Financial highlights
- First half adjusted operating profit was £83.1million (H1 2023: £105.1million) reflective of weaker market conditions outside the Group’s home market in Ireland.
- Cashflow generated from operations of £161.1 million (H1 2023: £191.3 million).
- £104.8 million (H1 2023: £132.7 million) returned to shareholders in dividend payments and share buybacks in the first half.
- New share buyback programme for up to £30m will commence on 29th August, complementing dividend growth of 5.0%.
- Adjusted return on capital employed of 11.1%.
Operational Highlights
- All markets experienced sales declines, with Finland at -7.6%, the UK at -5.9% and The Netherlands at -5.1% the toughest areas.

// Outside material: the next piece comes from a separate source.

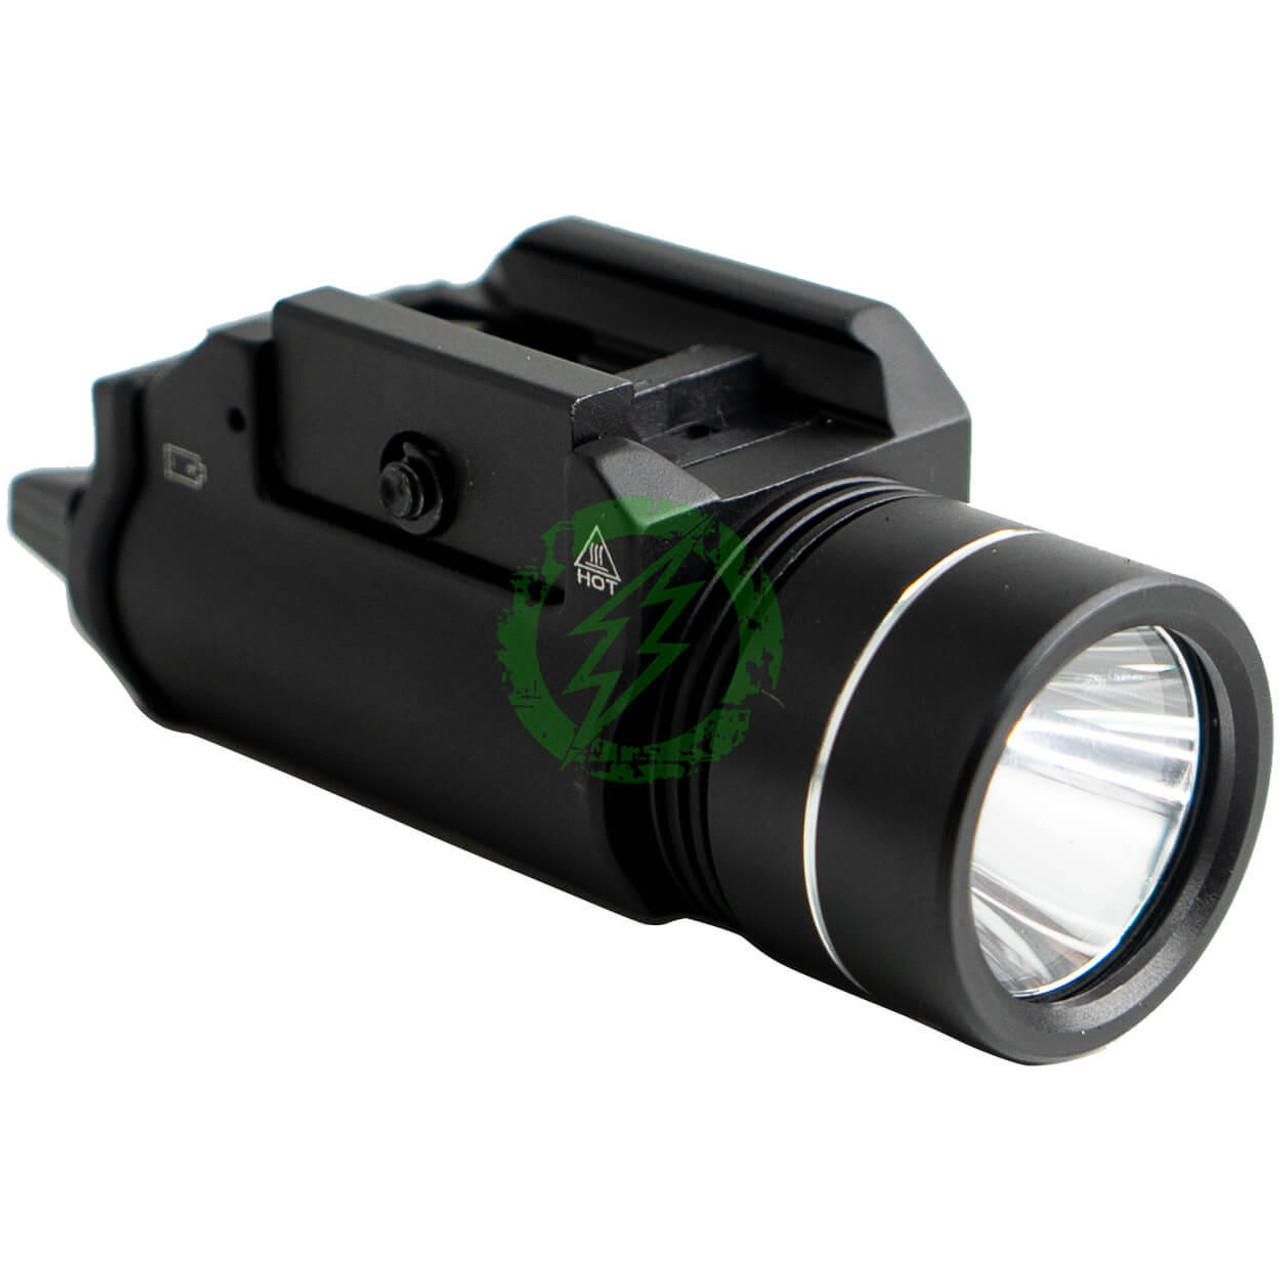  High Power Airsoft HPA HG-2 Tactical Pistol Light Black Constant On & Strobe 1000 Lumens

- Ireland at -0.3% and Retailing at -0.4% has the best sales performances and both grew Adjusted Operating Profit.
- Adjusted Operating profit in the UK declined by 47.1%, in Finland by -32.9% and The Netherlands by -25.7%.
- Overall Group gross margin broadly unchanged.

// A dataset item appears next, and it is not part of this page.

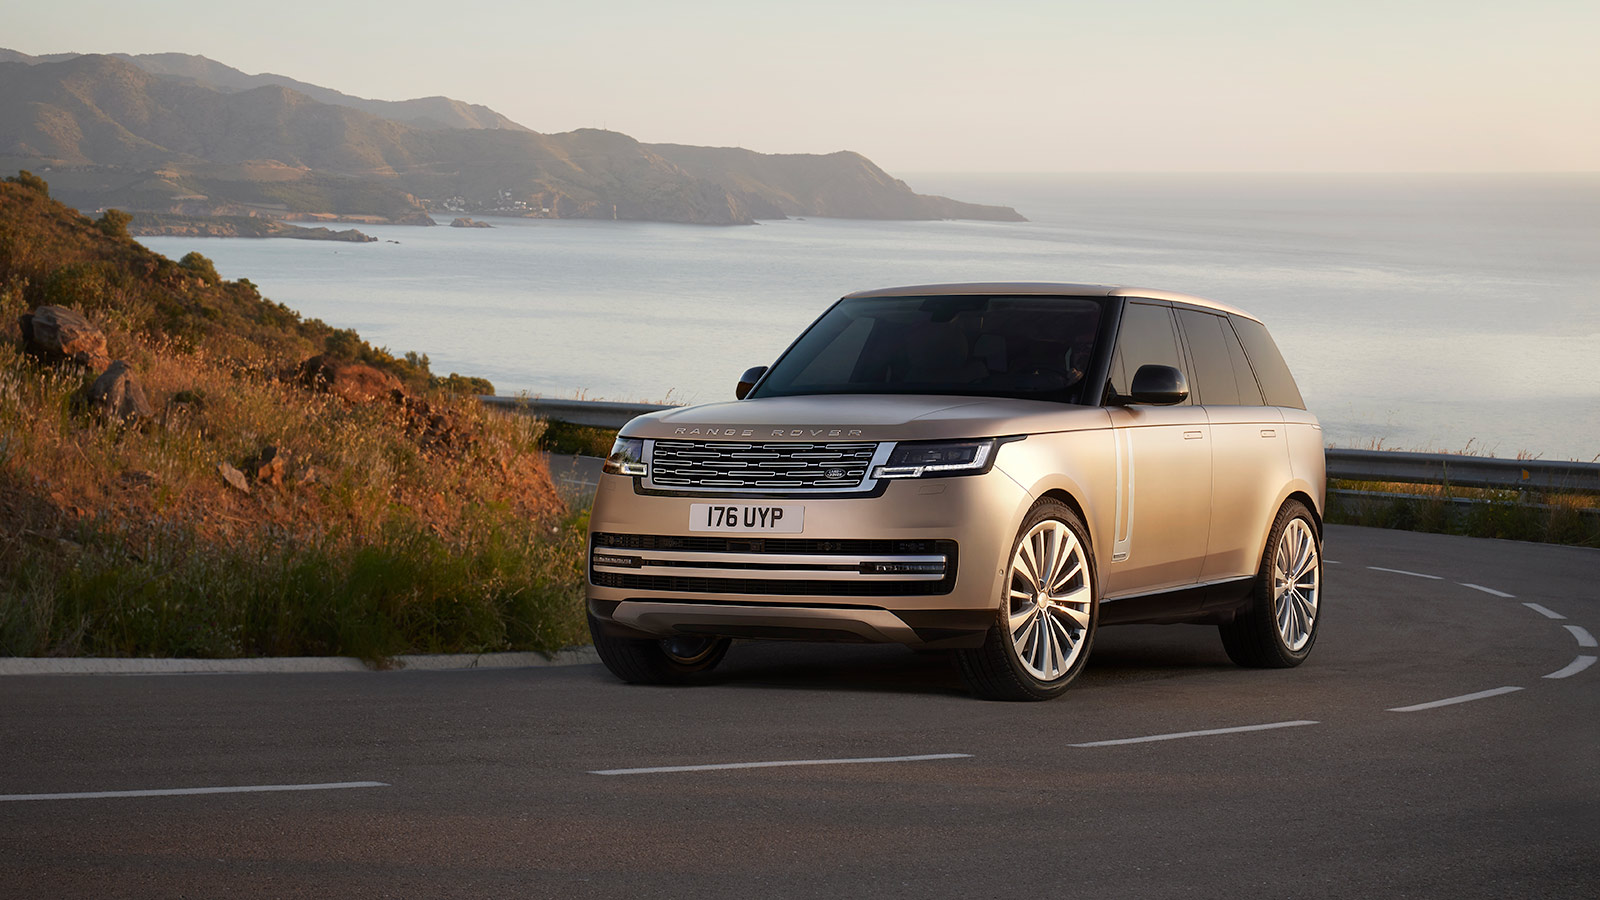 The wait is over, for the all new Range Rover !

- Product price deflation had a negative impact overall on sales in the Irish and UK Distribution businesses but the adverse effect is moderating.
- Volumes lower across the UK, Netherlands and Finland
Commentary on markets:
Ireland
- Positive growth outlook
- Strong government support for new housing continues – new commencements reached post GFC high in H1
- Positive trading performance in H1 as volumes grew by 5.4% offsetting price deflation of 4.9%
- Gross margin improved supported by active price management
- New bulk distribution centre opened in East Wall in H1
United Kingdom
- Frank Elkins appointed as CEO of Selco & GB Distribution
- Continued price deflation and volume declines in H1 due to weak RMI demand and wet weather
- Gross margin was 60bps lower – competitive market & investment in pricing to deliver strong value proposition
- Tight cost control with actions implemented in 2023 continuing to generate savings; new headcount reductions in Selco in H1
- Leyland SDM opened its 34th store in South Kensington
The Netherlands
- Continued pressure on gross margins due to price declines in several product categories and change in sales mix
- Pressure on operating cost base particularly as a result of wage inflation driven by collective labour agreements
- Two new branches opened in February 2024 are performing wel
Finland
- Mika Salokangas has now assumed operational responsibility for IKH
- Performed well against overall Finnish market as economy remains in mild recession
- Active measures being taken to reduce costs to partially offset
declines in gross margin
- Focus on reducing inventory – €5.8m reduction in H1
- New branch opened in Helsinki – takes own store network to 15
Eric Born, Chief Executive Officer Commented:
“This has been a robust first half performance despite challenging conditions in several of our markets. We are pleased with the performance and outlook of our Irish businesses in particular, and we continue to drive efficiencies and innovations in our other markets to capitalise on what we see as significant positive operating leverage opportunities as these markets turn.
“Whilst uncertainties remain in the short term, our medium-term outlook remains positive, supported by strong demand fundamentals, not least in the demand for new housing as markets normalise and consumer confidence improves. At this point in the year, with the important Autumn trading season yet to come, we continue to anticipate delivering adjusted operating profit for 2024 in line with analysts’ expectations.
“The Group has continued to be highly cash generative through a challenging period in the cycle, which has enabled us to return cash to shareholders whilst preserving a strong balance sheet to invest in organic and inorganic development opportunities. We continue to actively pursue opportunities to strengthen our existing market positions as well as platform acquisitions, and we remain optimistic that we can execute on some of these opportunities in the near term.”